BioNews reporting from ESHRE conference, Copenhagen: A presentation given at the annual conference of the European Society of Human Reproduction and Embryology (ESHRE) shows what effects restrictive Italian fertility laws, which came into force on 10 March 2004, have had on people's choices about their frozen embryos.


Italy's laws, said to be the most restrictive in Europe, were passed in December 2003 to counter the country's reputation for being the 'Wild West' of fertility treatments. The law restricts the provision of fertility treatments to 'stable heterosexual couples' who live together and are of childbearing age, and who are shown to be clinically infertile. Research using human embryos is prohibited, as well as embryo freezing, gamete donation, surrogacy, and the provision of any fertility treatments for single women or same-sex couples. The law also says that no more than three eggs can be fertilised at any one time, and that any eggs fertilised must all be transferred to the uterus simultaneously, increasing the risk of multiple births. PGD and prenatal screening for genetic disorders are banned.


Italian citizens were given the opportunity earlier this month to abrogate some of the parts of this law, in a referendum held on 12 and 13 June. They were asked to vote on four elements of the law, including language that gives embryos full legal recognition as persons, the three embryo limit, and rules governing embryo research and gamete donation. The Catholic Church encouraged abstention on moral grounds, while the 'yes' campaign has based its message on choice and safety, particularly for women. A 'yes' vote would have repealed the four provisions, but for the results of the referendum to be legitimated, a 50 per cent turnout was required - only 25.9 per cent of Italians voted, although the results showed that for all four questions, about 80 per cent of those who did vote wanted the law to be overturned.


In the first presentation, Dr Monica Cattoli, from a fertility clinic in Bologna, presented the results of a study of 849 couples whose embryos had been in frozen storage for more than two years before the new law came into force. The object of the study was to 'find out whether the imminent introduction of the new legislation would influence couples towards making a hurried decision on what to do with these embryos', she said. The results showed that 66 per cent of couples wanted their embryos to be disposed of; 4.3 per cent wished them to be used for research; 7.4 per cent wanted to donate them to others; and 21.8 per cent wished for the storage to be extended. Couples who had not had a pregnancy were more likely to favour disposal over donation than others, and the request to extend storage was more uncommon among those who had already conceived spontaneously, said Dr Cattoli.

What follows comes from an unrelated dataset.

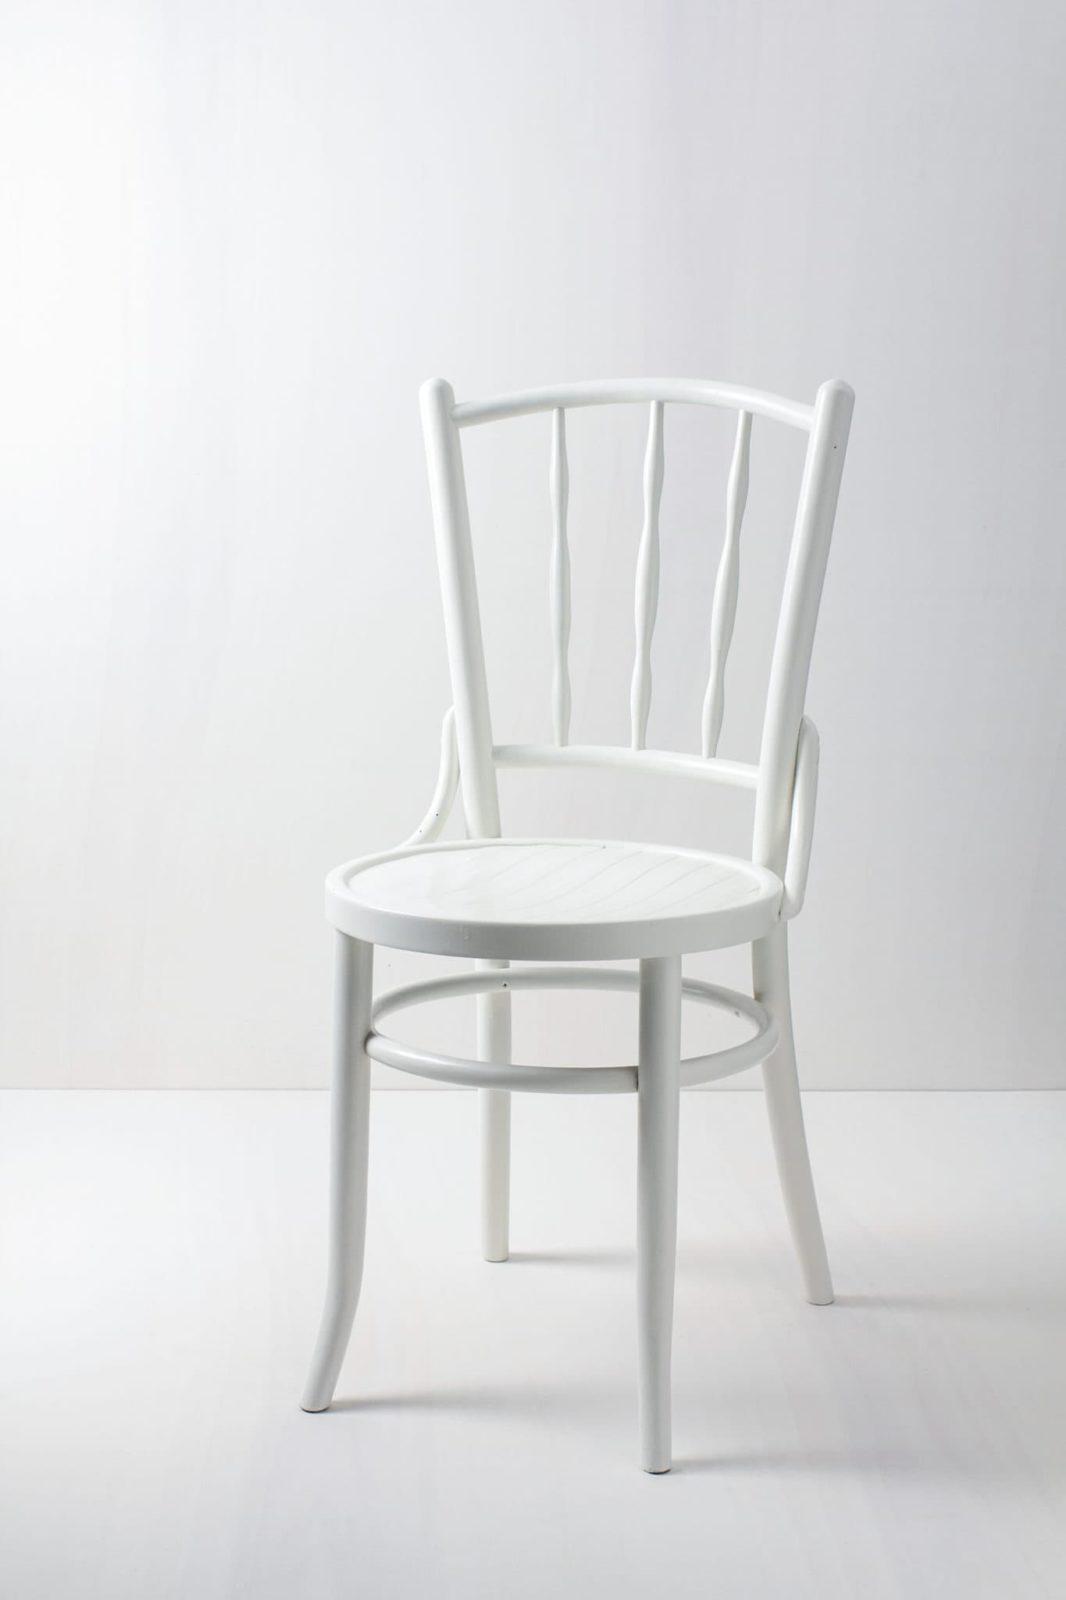 Holzstuhl Elena | Stuhl im Thonet-Stil, seidenmatt weiß lackiert. | gotvintage Rental & Event Design
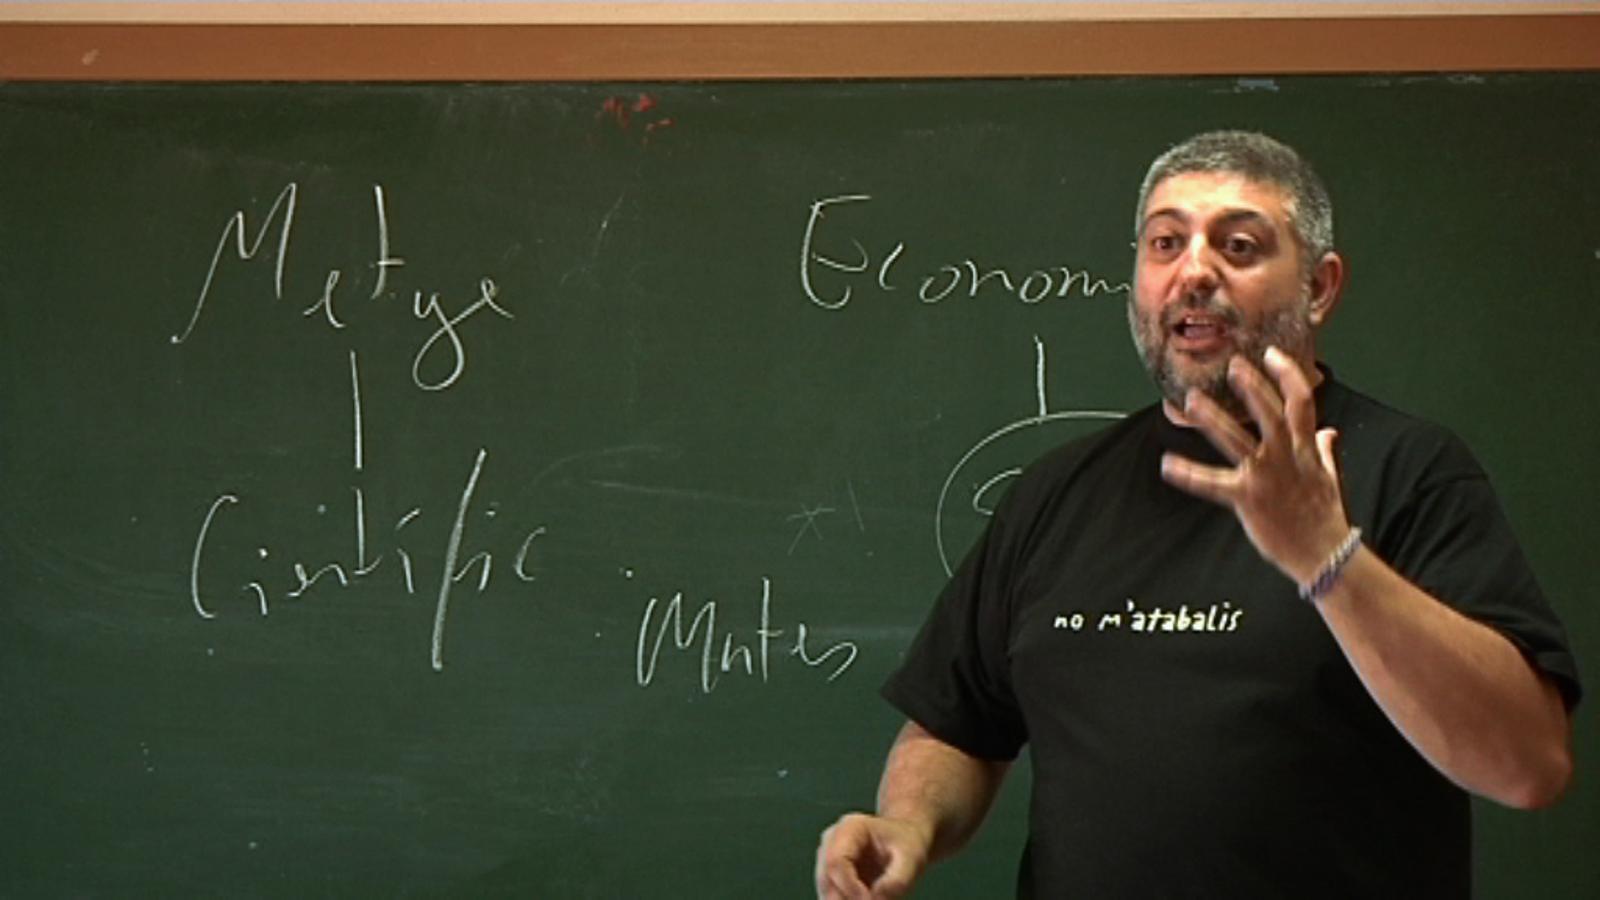 ARA Mestres: El tutor ha d'orientar, ajudar i acompanyar

More interesting was the fact that within the first two months of 2004, 46 couples 'instructed the clinic to dispose of or donate their embryos even if the two year period was not ended, in order to have the right to decide themselves about the fate of their embryos', said Dr Cattoli. 'Over the entire period of our study, 77.7 per cent of couples opted for disposal, donation, or use of embryos for research, and none of these options is available to them under the new law', she added, commenting that the new law had taken away freedom of choice 'on a matter that fundamentally affects personal beliefs and ethics'. She added that the Italian government 'should not allow the dictatorship of the Catholic church to impose a law on all citizens'.


Under the new law, embryos produced by couples undergoing fertility treatments cannot be frozen, so it creates problems for those couples who have embryos that were frozen before it came into force. 'What will happen to these embryos?', Dr Cattoli asked.